I have a CSS based simple drop down menu with multi-levels. The second or third level might go outside the visible window, with certain combinations of resolution and window size.

Some pre-built menu controls just open the drop-down to the left instead of the right, if they detect this situation.

How can I test (with JS/jQuery) for this situation?

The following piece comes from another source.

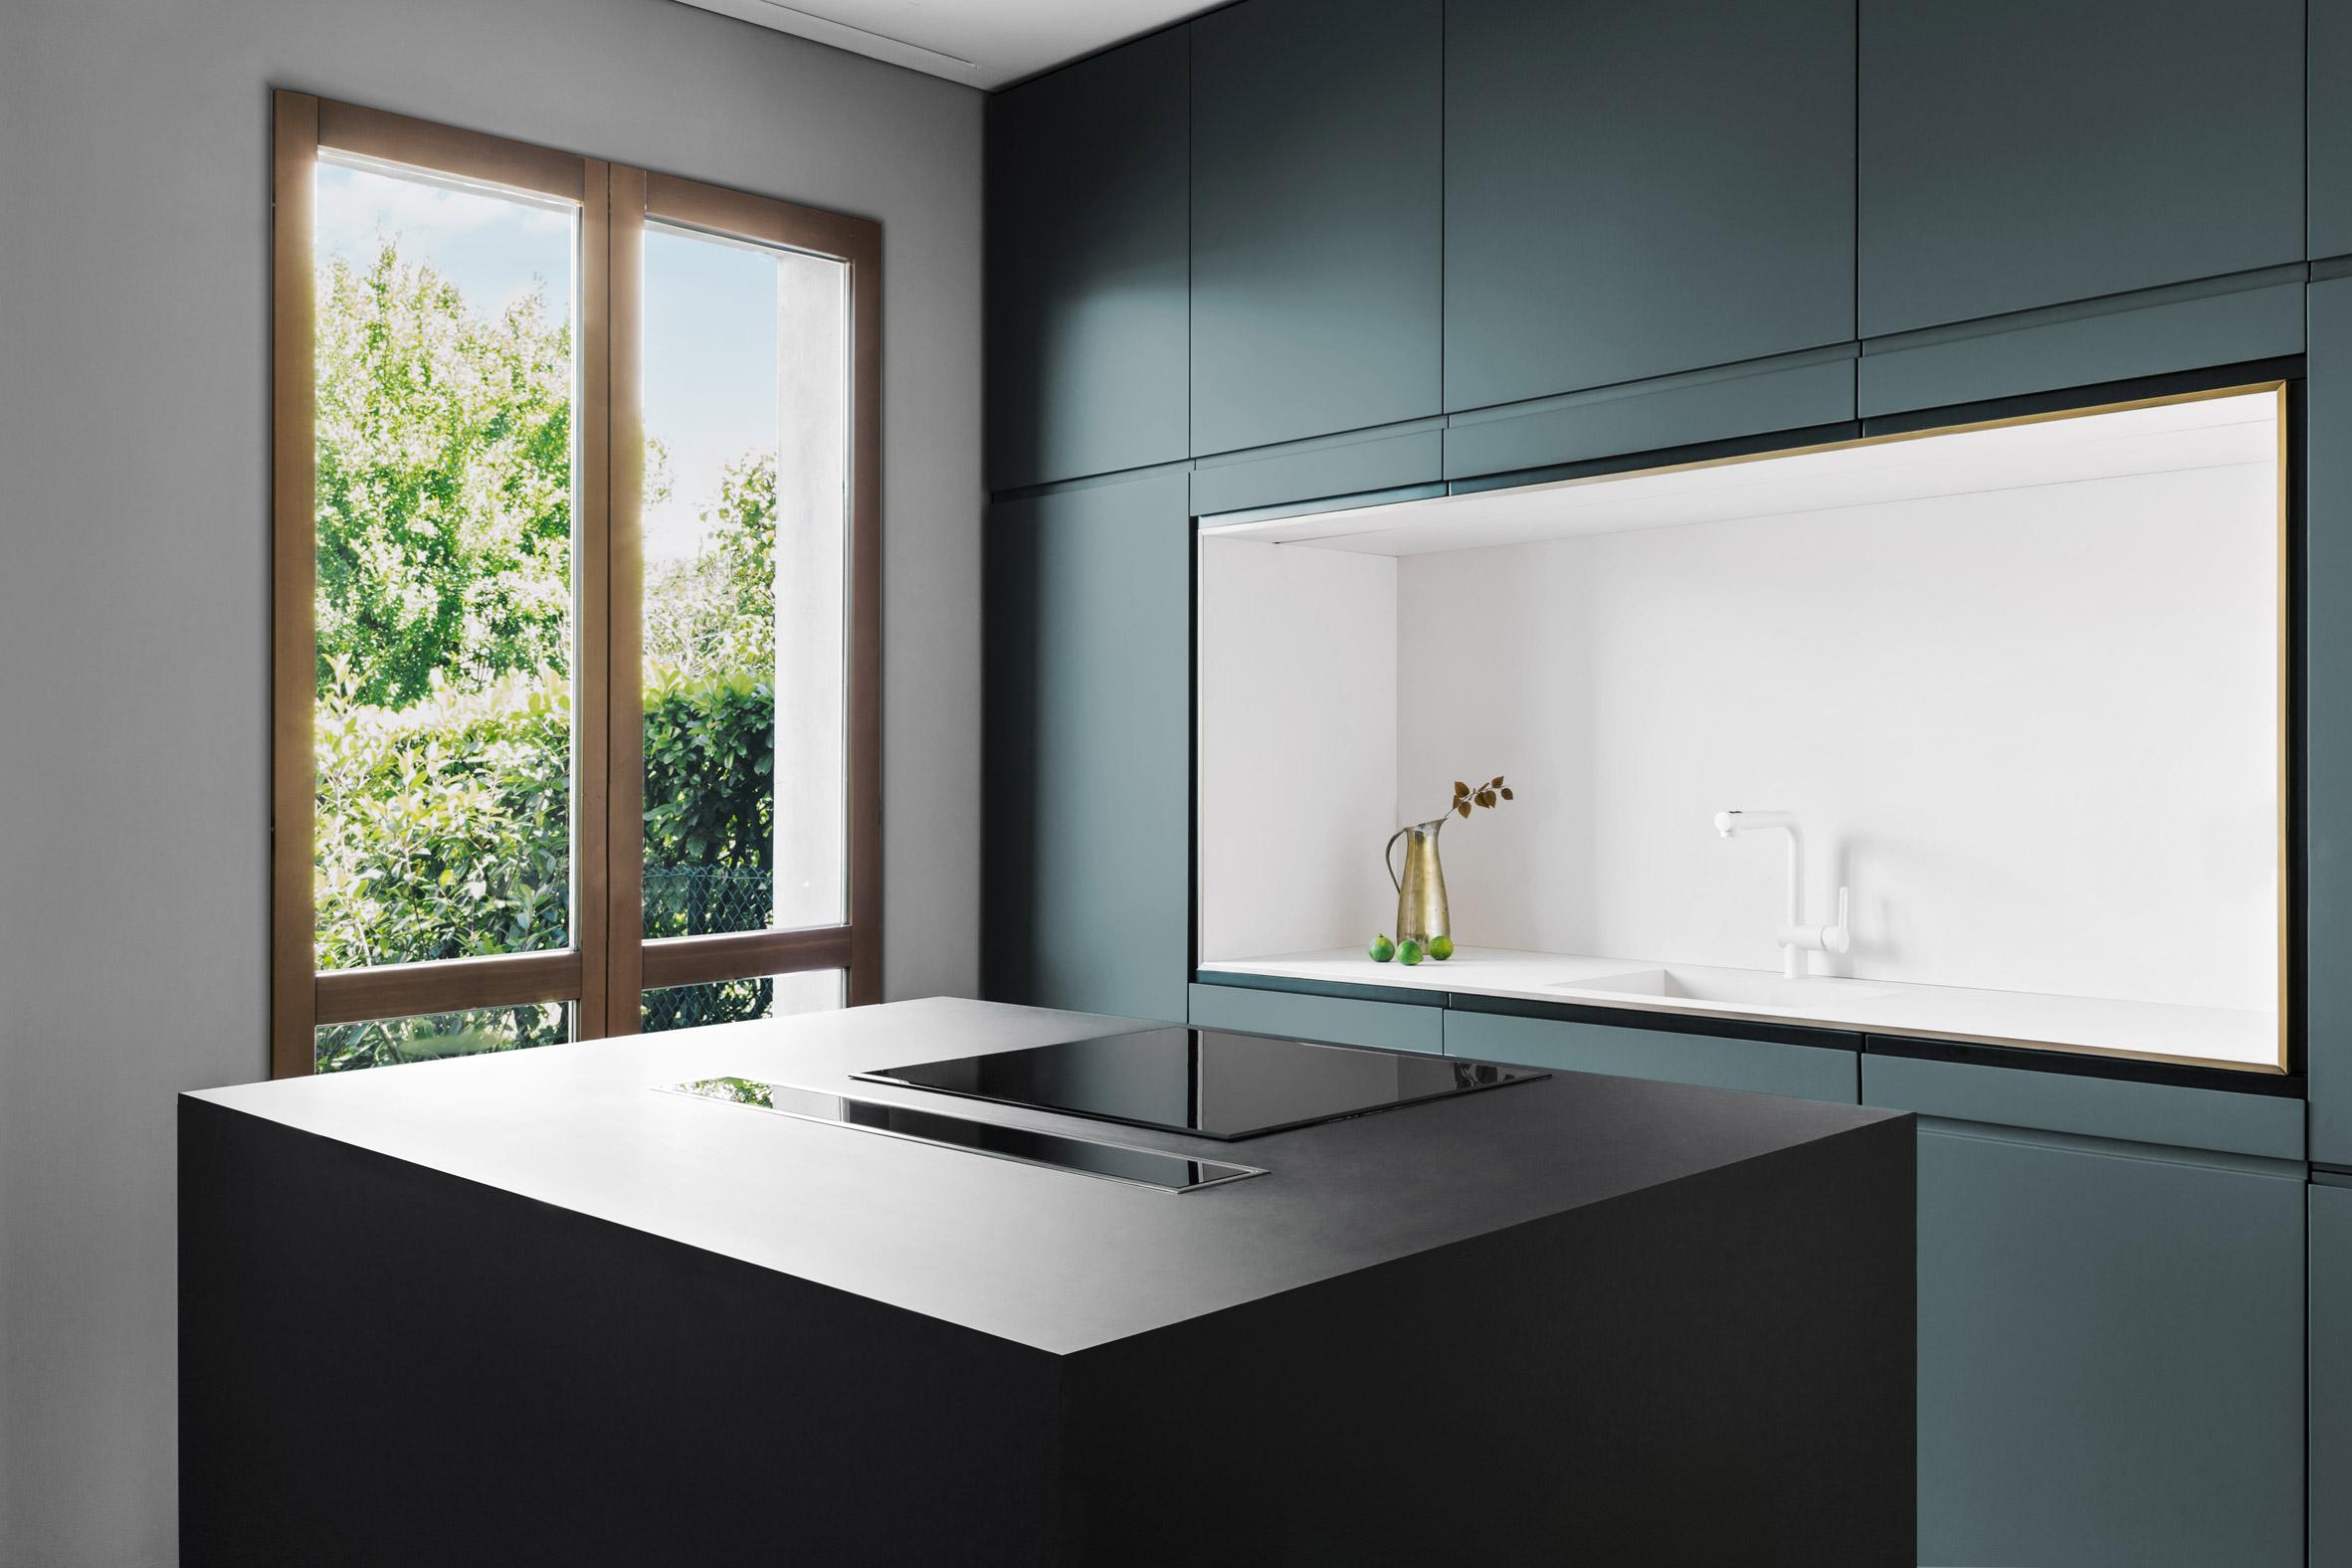 architecture-house-residential-design-studia-interiors-osnovadesign-osnova-poltava_03

You can test if a menu item is offscreen with the following function:

/*---   function bIsNodeClippedOrOffscreen returns true if a node
        is offscreen (without scrolling).
        Requires jQuery.
*/
function bIsNodeClippedOrOffscreen (zJnode)
{
    var aDivPos             = zJnode.offset ();
    var iLeftPos            = aDivPos.left;
    var iTopPos             = aDivPos.top;

    var iDivWidth           = zJnode.outerWidth  (true);
    var iDivHeight          = zJnode.outerHeight (true);

    var bOffScreen          = CheckIfPointIsOffScreen (iLeftPos, iTopPos);
    var bClipped            = CheckIfPointIsOffScreen (iLeftPos + iDivWidth, iTopPos + iDivHeight);

    return (bOffScreen || bClipped);
}


function CheckIfPointIsOffScreen (iLeftPos, iTopPos)
{
    var iBrowserWidth       = $(window).width()  - 16;   //-- 16 is fudge for scrollbars, refine later
    var iBrowserHeight      = $(window).height() - 16;   //-- 16 is fudge for scrollbars, refine later
    var bOffScreen          = false;

    if (iLeftPos < 0  ||  iLeftPos >= iBrowserWidth)
        bOffScreen          = true;

    if (iTopPos < 0   ||  iTopPos >= iBrowserHeight)
        bOffScreen          = true;

    return bOffScreen;
}

.
Sample usage:

<li id="SomeMenuItem"> Get your shopping cart for free!
...
...

var Node            = $("#SomeMenuItem");

var NeedToMoveIt    = bIsNodeClippedOrOffscreen (Node);

You must display the element to get the size so display the sub-menu off screen. Get the width/height of the element, calculated expected display positions (right/bottom), compare to screen width/height, decide which location to display and move element to final position.

(untested example)

function displaysOffPageRight(defaultLeft){
    $('#submenu1').addClass('displayOffScreen');
    var offPage = defaultLeft + $('#submenu1').width() > screen.width;
    $('#submenu1').removeClass('displayOffScreen');
    return offPage;
}

When the menu is not yet displayed, you can't get its dimensions. to set its position. If you set CSS visibility: hidden and display: none, the menu will not be shown but it will have its dimensions defined. Then you can get it's position using jQuery.offset and its height/width with jQuery.outerWidth/outerHeight (pay attention to the margin options for the latter functions). Oh, and be careful if you are using any negative margins, this would require special handling.

Get the window's dimensions with jQuery(window).height() and .width() and you should be able to figure out the math from there.